Девица хлюпнула носом.

— Тогда я кого-нибудь удочерю, — пробормотала она.

— Тебя саму удочерять надо. Хочешь, удочерю тебя?

— Нет, — искренно ответила соседка и после паузы спросила: — А его-то не жалко?

— Кого? Рудика, что ли? — почему-то бухнула Лидка.

— Да нет. Дитятку… — еле слышно произнесла девочка.

— Которого из десяти? — потребовала уточнения парикмахерша.

Сопалатница с ужасом уставилась на нее.

— Ну почему вы такая злая, Лидия? — В голосе ее почувствовалась мольба, будто от ответа на заданный вопрос зависела вся ее будущая жизнь.

— Потому что у меня доброе сердце, — объяснила парикмахерша. — А доброту приходится прикрывать злом, потому что иначе съедят на фиг.

— А отец… Отца-то последнего хоть знаете?..

— А ты до сих пор ничего не поняла? Вот действительно дура! — И Лидка натужно засмеялась, поразившись недальновидности своей соседки.

Здесь в палату влетел порыв сильного ветра. Он выбил настежь полузакрытые рамы, стекла в них звякнули как порванные струны. Запах перетушенной капусты из местной кухни сдался и побежал трусливо на цыпочках из коридора больницы на улицу. В лицо ударил горячий воздух странствий, будто ты стоишь у железнодорожной насыпи, а мимо тебя проносится скорый.

Лидка соскочила со своей кровати. Не запахнув халата, с вываливающимися из-за пазухи пирожками, которые соблазнили многих, но не пригодились никому, бросилась к окну и поразилась: над городом висела серая мгла. Со стороны озера Яровое налетел нешуточный ураган, будто невидимое чудовище прочищало горло и нос, чтобы дунуть, плюнуть и гаркнуть по-настоящему.

— А говорили, что ясно, — сказала Лидка, с трудом закрывая рамы. — Набрехали. Сейчас гроза долбанет.

— Еще с утра парило. Я аж вся пропотела, — подтвердила сопалатница.

Начали выть собаки. Лидка увидела, как на улице Орлеана возникло небольшое американское торнадо. Вихрь пыли завертелся на пуантах, завязался узлом и, втянув в себя куски сухой травы и обрывки бумаги, двинулся вперед по переулку, как сумасшедший танцор.

Картина была дикой, безотрадной.
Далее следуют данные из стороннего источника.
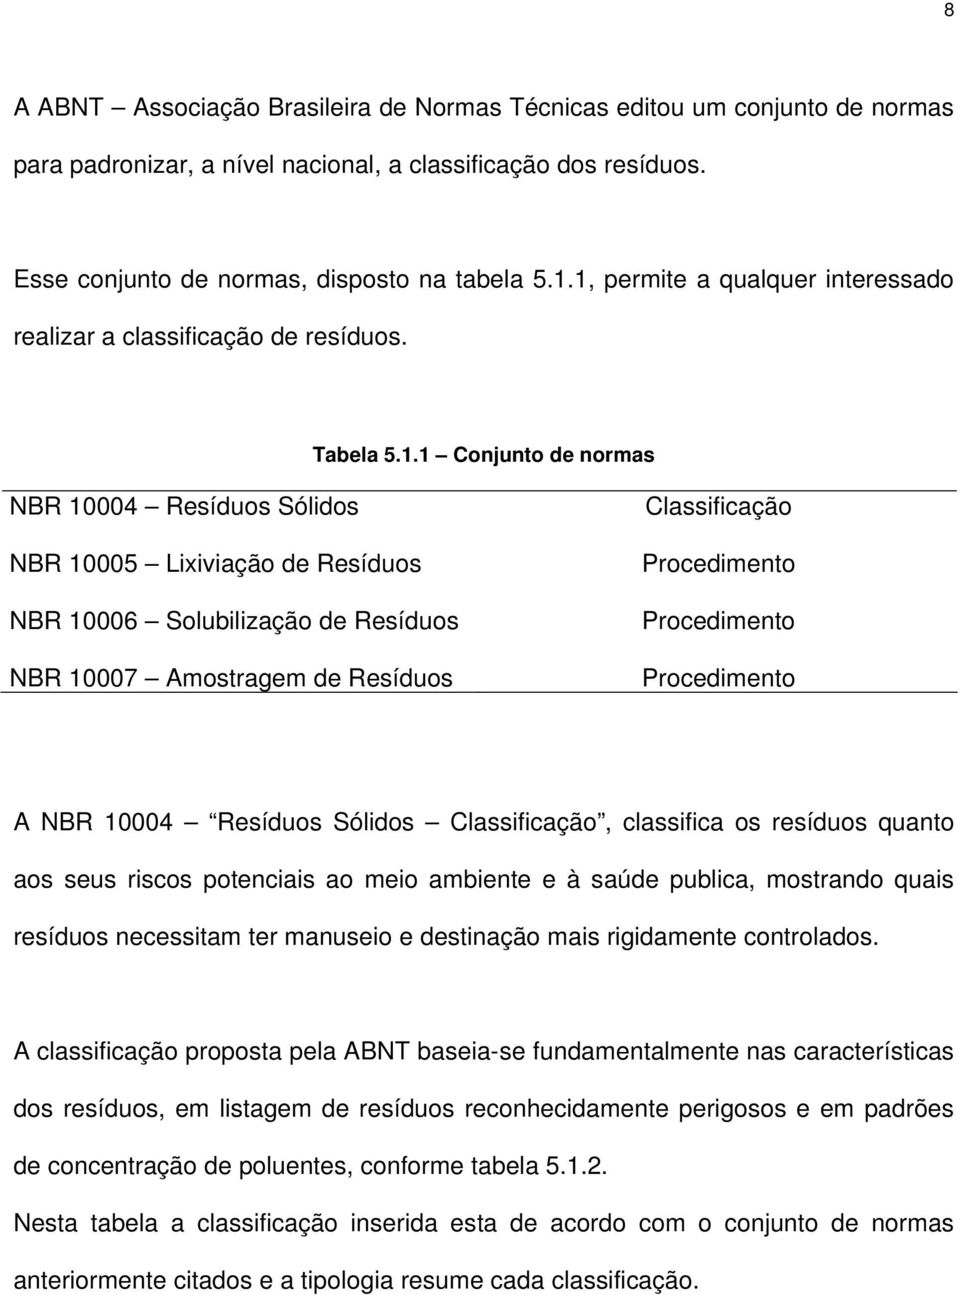 NBR 10007 Amostragem de Resíduos Classificação Procedimento Procedimento Procedimento A NBR 10004 Resíduos Sólidos Classificação, classifica os resíduos quanto aos seus riscos potenciais ao meio
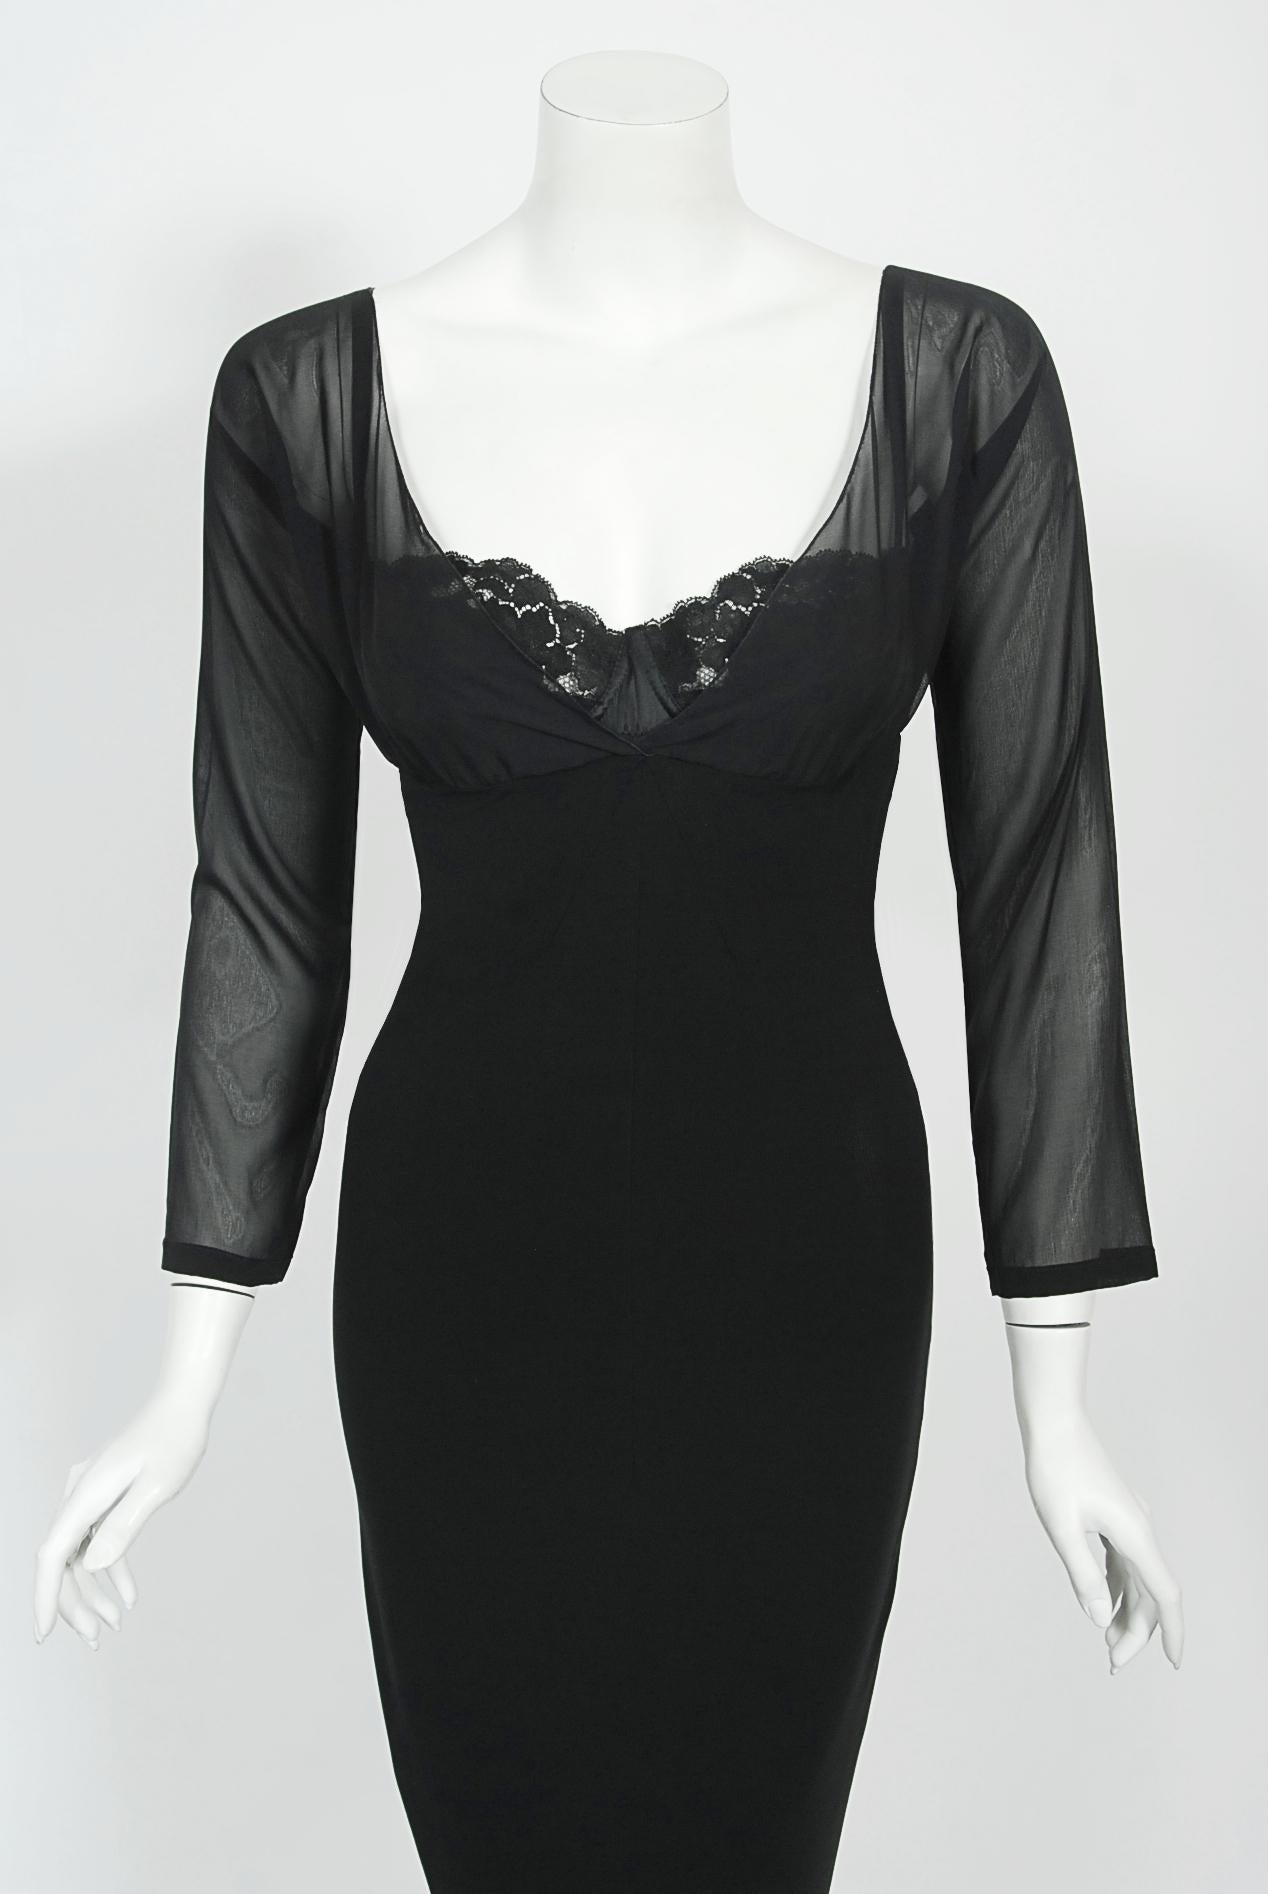 Une robe sablier ultra séduisante et totalement emblématique de Dolce & Gabbana en soie noire extensible et transparente, datant de la collection automne/hiver 2001. Comme le montre la photo, Beyoncé a porté une robe noire très similaire, avec

Лидка даже задвинула шторы, чтобы не видеть этого природного недомогания, когда воздух мутит, а под озером кто-то большой и грузный переворачивается с бока на бок.

А когда она возвратилась на свою железную кровать, то в палату вошел незнакомый ей гражданин.

— Вы Лидия Павловна Дериглазова? — спросил он тихим вкрадчивым голосом, слегка улыбаясь и излучая всем видом своим крайнее расположение.

— Ну? — подозрительно откликнулась Лидка, оглядев его с ног до головы.

— Это вам. — Он подал ей в руки авоську с апельсинами. — Апельсиновый сок в свежем своем состоянии препятствует тромбозам, повышает иммунитет и способствует укреплению потенции. Разрешите, я присяду.

— При чем тут потенция? — не поняла парикмахерша. — Вы куда клоните? Мне это сейчас совсем не нужно.

— А если б вы были мужчиной? — пробормотал незнакомец. — Если бы тестостерона оказалось больше, чем эстрогена, как бы вы тогда запели?

— Вы что, из Горэнерго? — предположила почему-то Лидка. — Да вы не шумите. Как выйду из больницы, так сразу все погашу.

— Да нет, — ответил ей на это гражданин. — Ваши долги так быстро не погасишь.

Не дожидаясь разрешения, он пододвинул к кровати железный стул с деревянным сиденьем и сел на него, внимательно глядя Лидке в глаза.

Она отметила, что от гражданина несет нездешней сладостью. Если бы был на свете гигантский леденец на двух ногах, которого обсосали и выплюнули, то он стал бы как раз этим гражданином с набриолиненными масляными усами, глазками миндалевидной формы, источавшими патоку, волосами пусть редкими, но серьезными — в смысле прически и представительности. А щечки, щечки… Ну ведь кого-то они напоминали, эти круглые щечки, в которые можно было впиться безумным поцелуем, а можно было просто отшлепать их, как задницу, а потом зализать влажным благодарным языком.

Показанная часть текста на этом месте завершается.